= Thomas Kappeler =

Swiss mathematician (1953–2022)

Thomas Kappeler (12 February 1953 – 30 May 2022) was a Swiss mathematician and professor at the University of Zurich.
Kappeler's main research was in global analysis, partial differential equations and dynamical systems in infinite dimensions.

Kappeler co-founded the Zurich Graduate School in Mathematics, a joint doctoral program of the Mathematics departments of ETH Zurich and University of Zurich. He also actively supported young kids with talent in mathematics. He was the co-leader of the children's math club Junior Euler Society.

== Life ==
Kappeler studied mathematics at ETH Zurich, where he did his Ph.D. in 1981 under the supervision of Corneliu Constantinescu. He was a visiting professor at the University of California, Berkeley, the University of Pennsylvania, Brandeis University and Brown University. He was a professor at Ohio State University from 1990 till 1996. After that he became a mathematics professor at University of Zurich.

== Selected publications ==
Kappeler published more than 150 research articles. He also published two books on partial differential equations.

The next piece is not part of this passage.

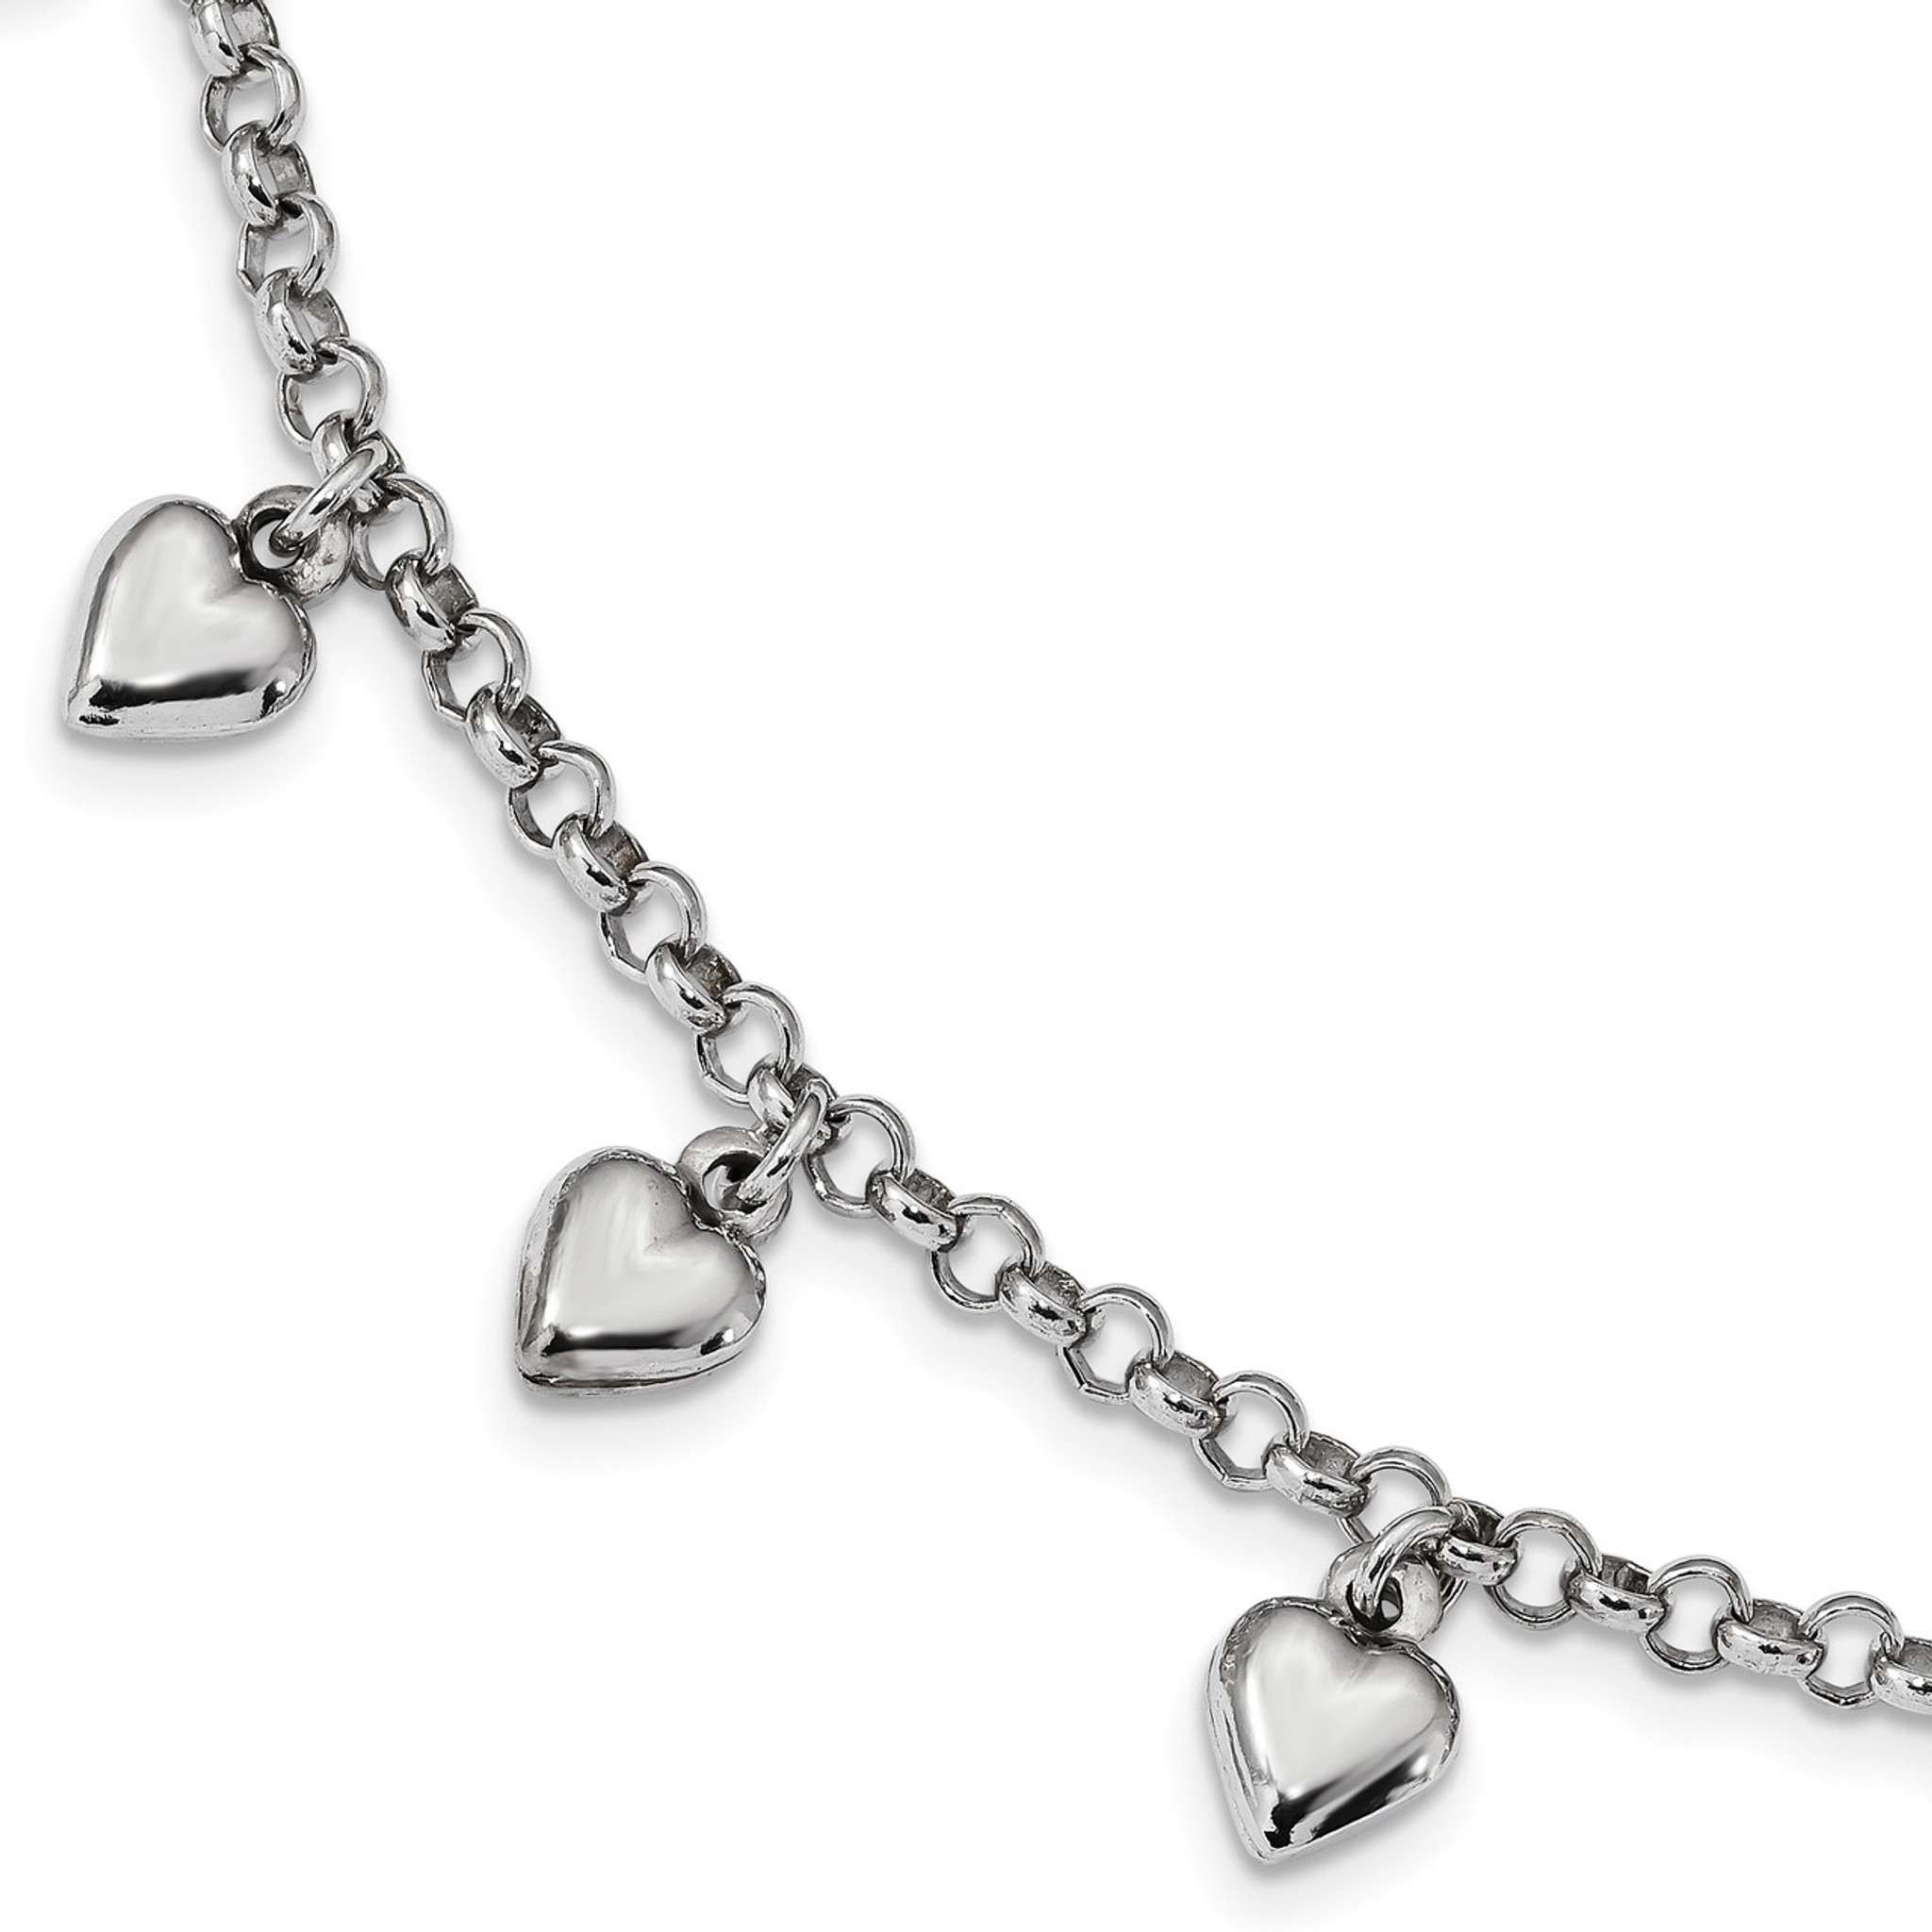 Sterling Silver 3.8 MM Polished Puffed Heart Charm Bracelet 7

- Craig, Walter (1995). "Microlocal dispersive smoothing for the Schrödinger equation"
- Burghelea, Dan (1992). "Mayer-Vietoris type formula for determinants of elliptic differential operators"
- Kappeler, Thomas (2005). "The Miura map on the line"
- Kappeler, Thomas (2006). "Global wellposedness of KdV in H−1(T,R)"
- Kappeler, Thomas (2009). "On the periodic KdV equation in weighted Sobolev spaces"
- Henrici, Andreas (2009). "Nekhoroshev theorem for the periodic Toda lattice"
- Cohen, Daniel C. (2012). "Topology of Random 2-Complexes"

=== Books ===
- Kappeler, Thomas (2003). "KdV & KAM"
- Grébert, Benoît (2014). "The Defocusing NLS Equation and Its Normal Form"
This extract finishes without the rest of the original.